▶ [Input records]:
--- START ---
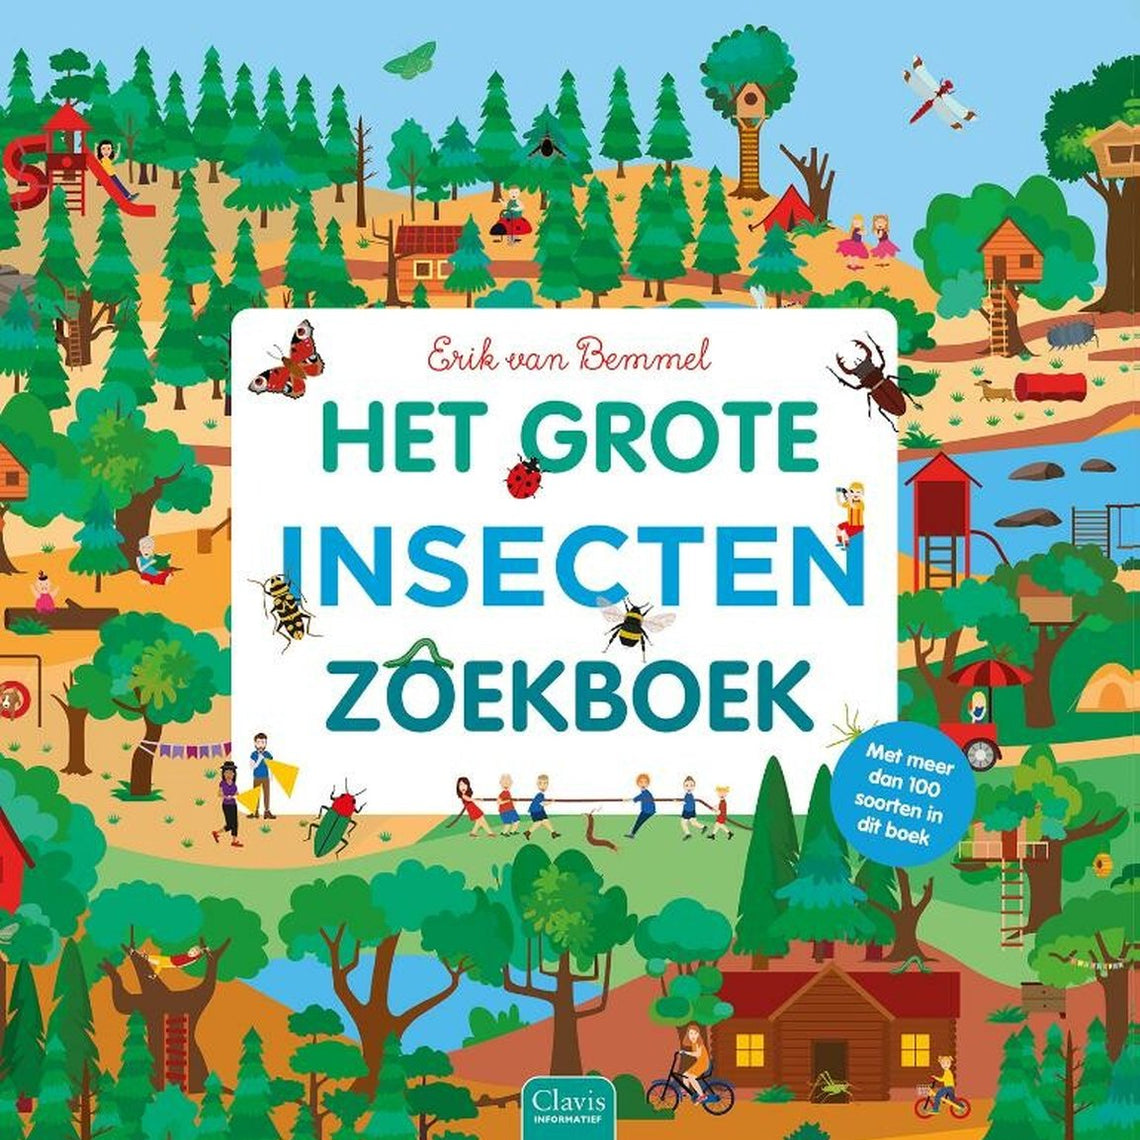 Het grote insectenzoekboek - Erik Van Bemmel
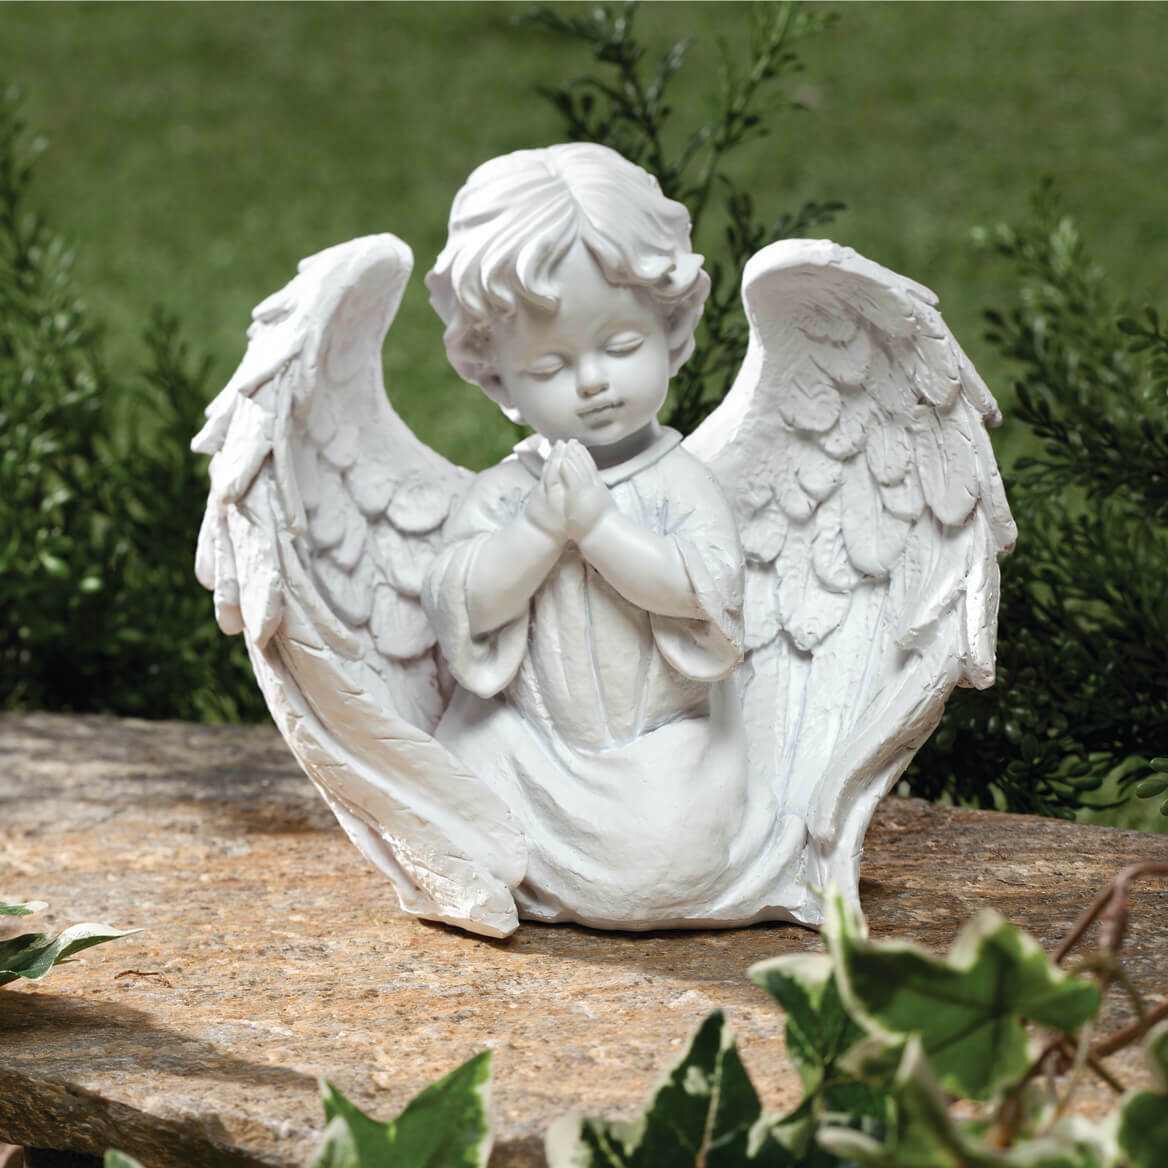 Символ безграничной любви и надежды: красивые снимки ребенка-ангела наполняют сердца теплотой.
--- END ---
--- START ---
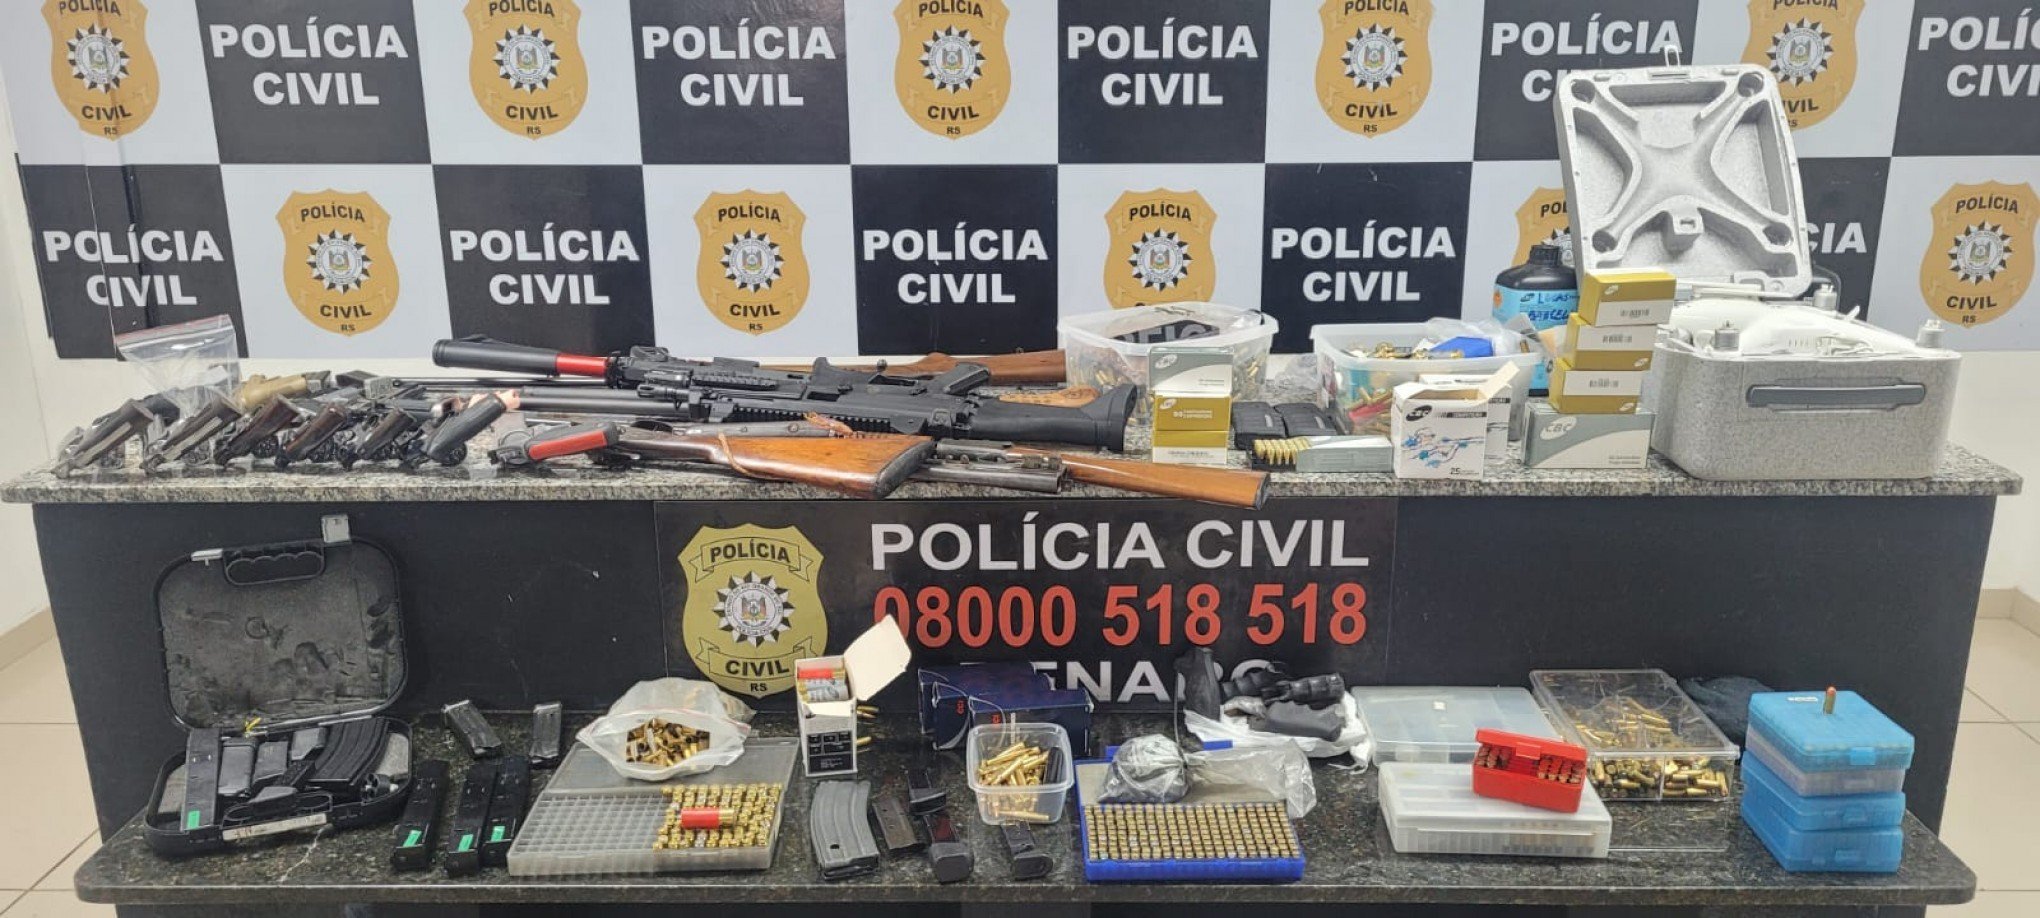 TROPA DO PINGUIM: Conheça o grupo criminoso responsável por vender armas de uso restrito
--- END ---
--- START ---
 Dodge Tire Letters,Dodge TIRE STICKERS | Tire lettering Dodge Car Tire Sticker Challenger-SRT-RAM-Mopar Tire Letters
--- END ---
Word for word, write out the lines above running from the one with "Het grote insectenzoekboek - Erik Van Bemmel" up to and including the one with "Символ безграничной любви". Drop any picture.

▶ [Response area]:
 Het grote insectenzoekboek - Erik Van Bemmel
 Символ безграничной любви и надежды: красивые снимки ребенка-ангела наполняют сердца теплотой.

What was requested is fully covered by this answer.